GIVEN MATERIAL:

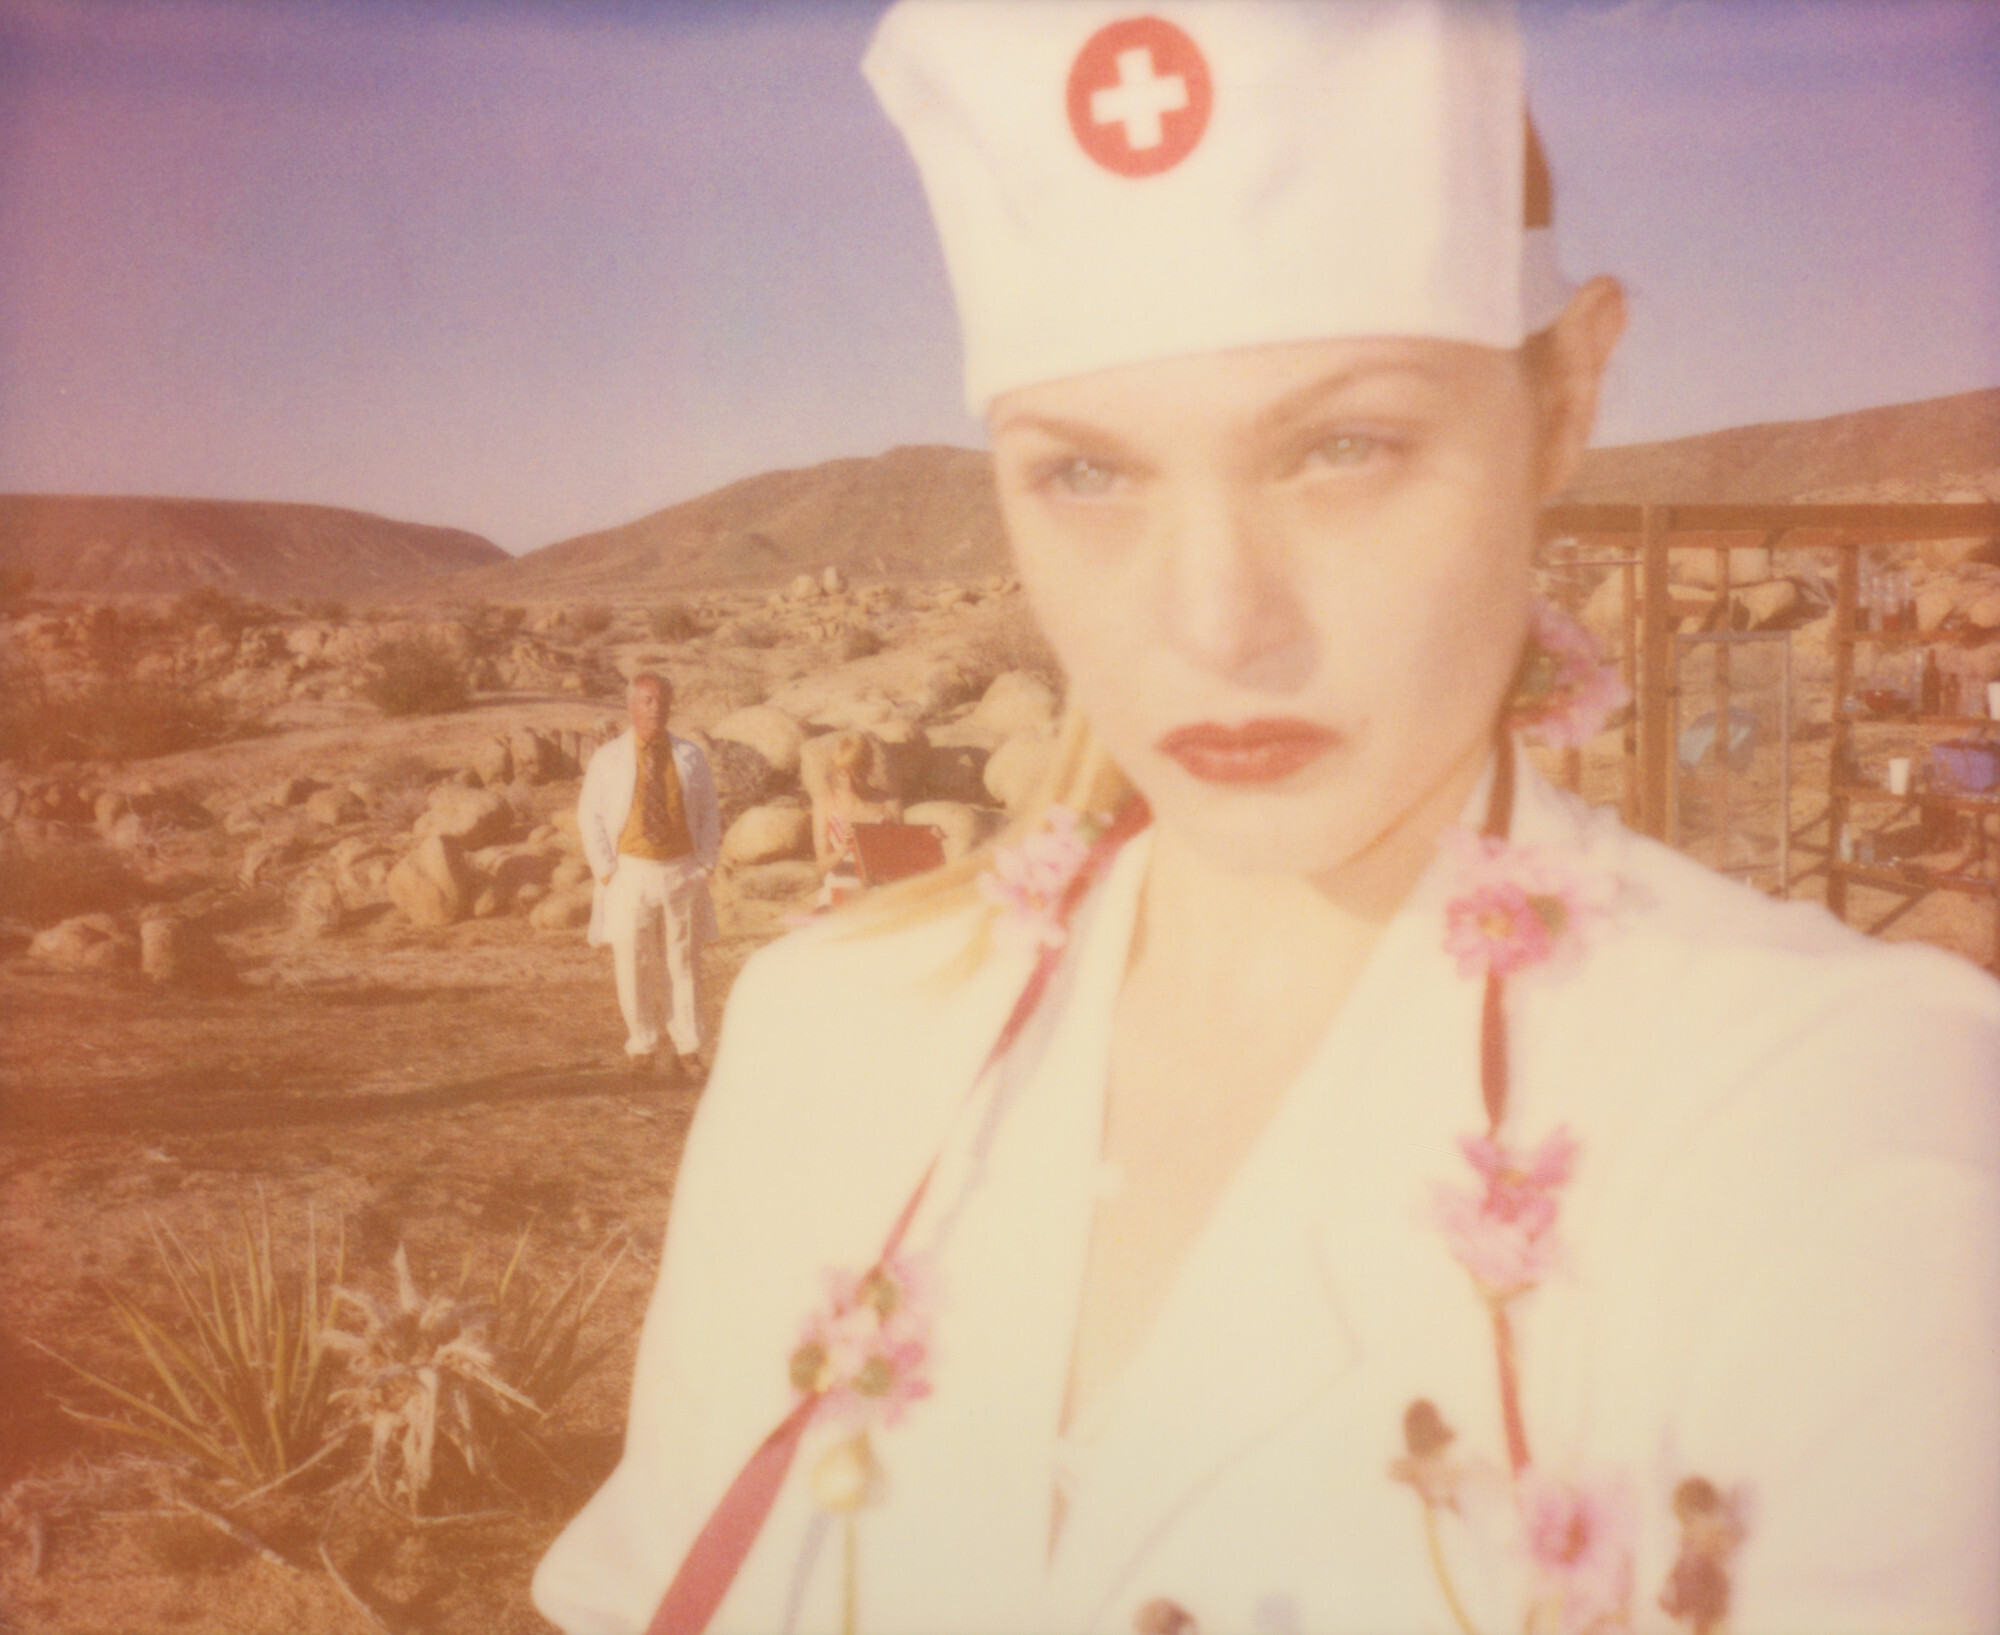 Медсестра (Heathers Dream) из фильма Девушка за белым частоколом , 2013 г., полароид. Фотограф Стефани Шнайдер
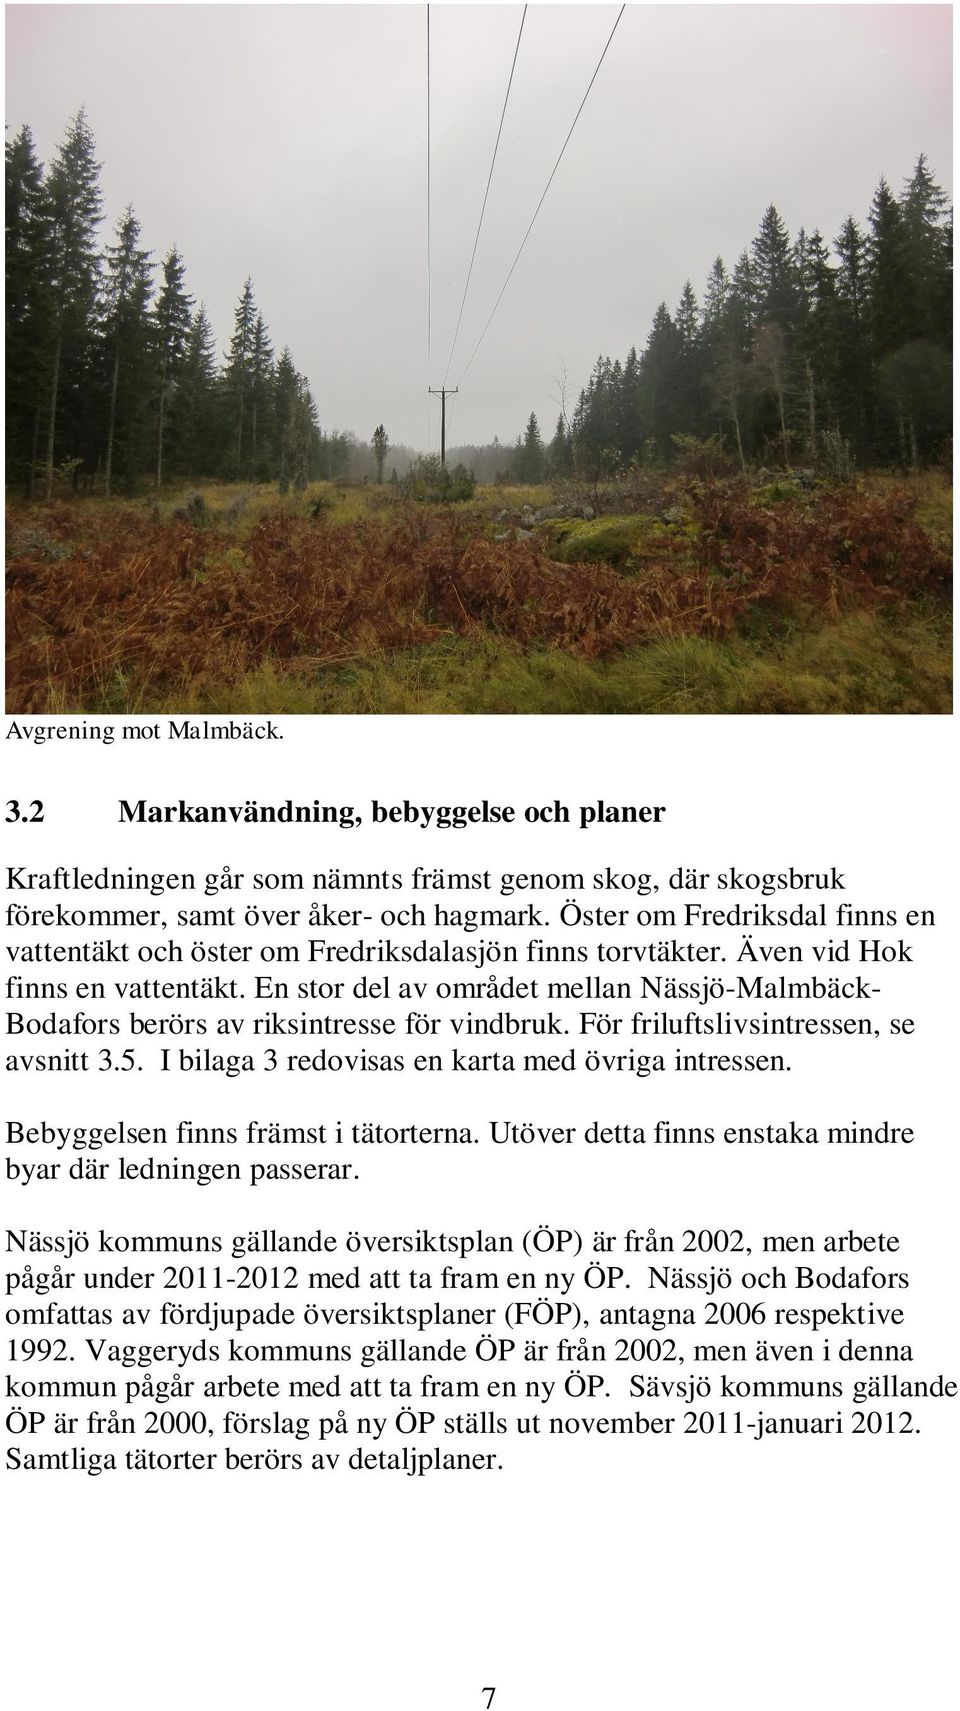 En stor del av området mellan Nässjö-Malmbäck- Bodafors berörs av riksintresse för vindbruk. För friluftslivsintressen, se avsnitt 3.5. I bilaga 3 redovisas en karta med övriga intressen.
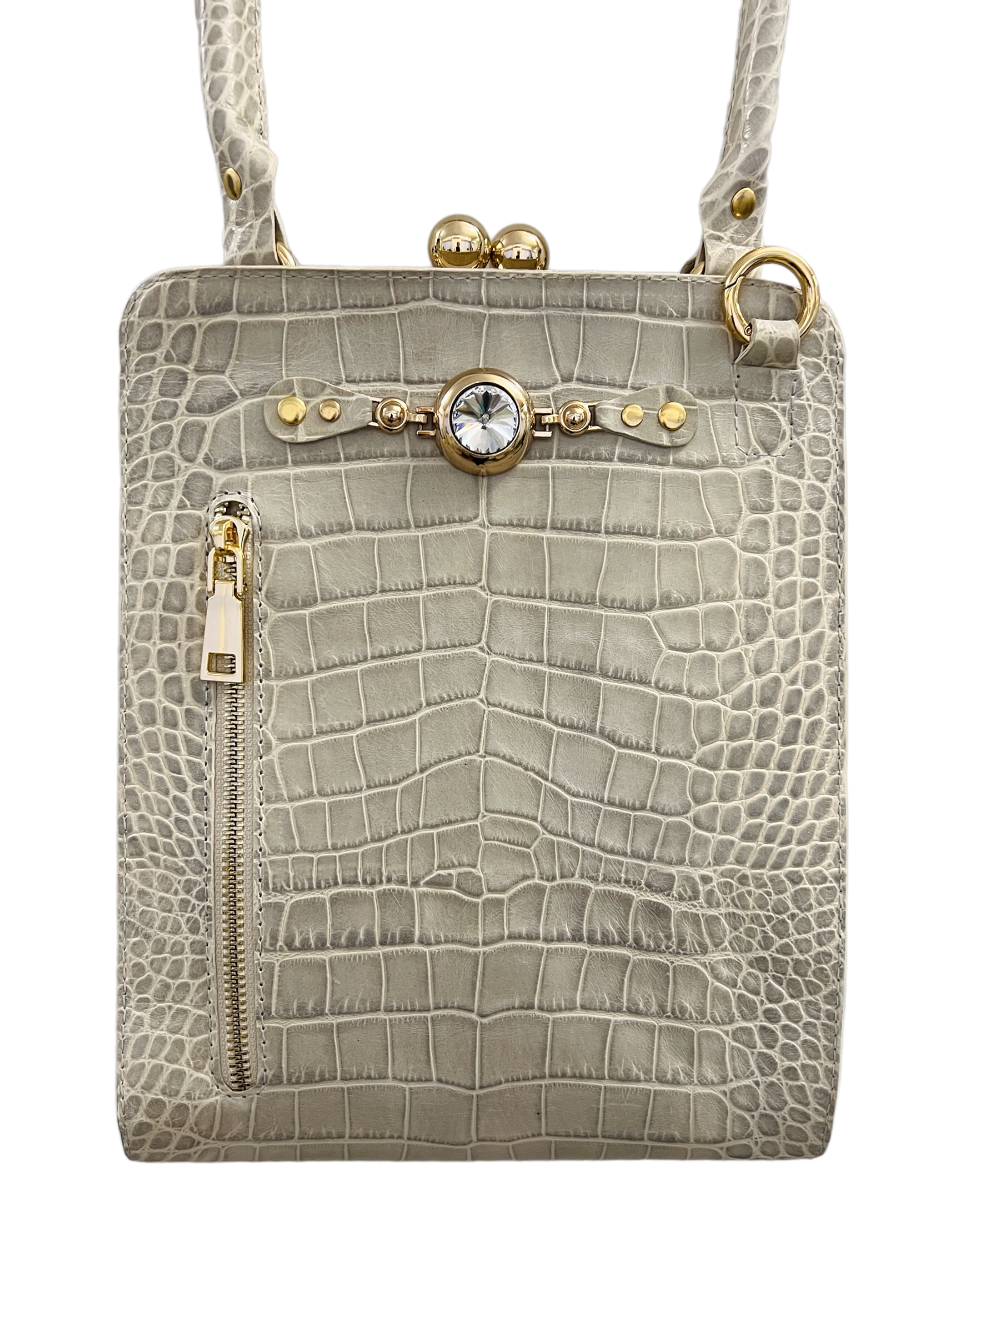 картинка кожаные  "Камалия-04" - Женская кожаная сумка с фермуаром. Светлый крокодил, тиснение, золото от Ирины Берзиной
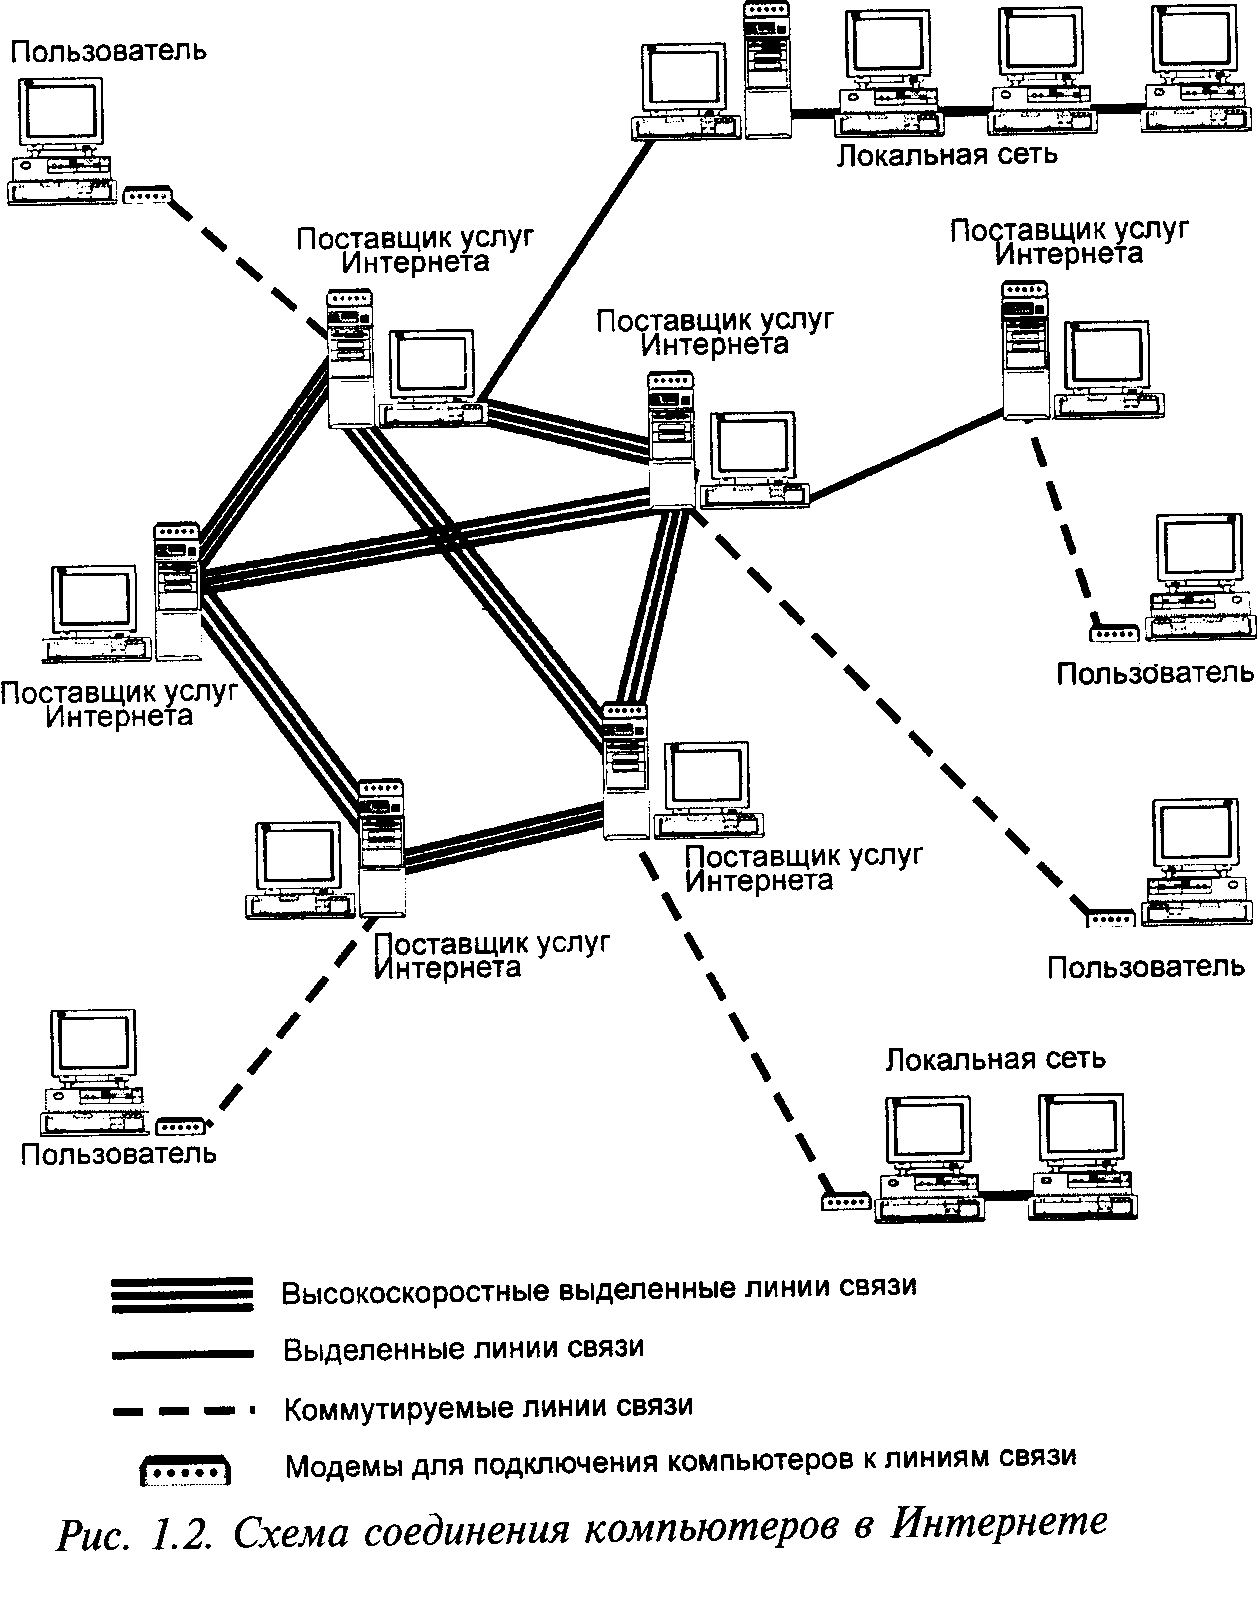 Сетевые привязки. Схема локальной сети организации интернет провайдера. Структурная схема подключения к локальной сети. Схема соединения 3 локальной сети. Принципиальные схемы сетей связи.

ASSIGNMENT:
Would you return the data above exactly as written, minus the images?

ANSWER TO THIS EXERCISE:
 Медсестра (Heathers Dream) из фильма Девушка за белым частоколом , 2013 г., полароид. Фотограф Стефани Шнайдер
 En stor del av området mellan Nässjö-Malmbäck- Bodafors berörs av riksintresse för vindbruk. För friluftslivsintressen, se avsnitt 3.5. I bilaga 3 redovisas en karta med övriga intressen.
 картинка кожаные  "Камалия-04" - Женская кожаная сумка с фермуаром. Светлый крокодил, тиснение, золото от Ирины Берзиной
 Сетевые привязки. Схема локальной сети организации интернет провайдера. Структурная схема подключения к локальной сети. Схема соединения 3 локальной сети. Принципиальные схемы сетей связи.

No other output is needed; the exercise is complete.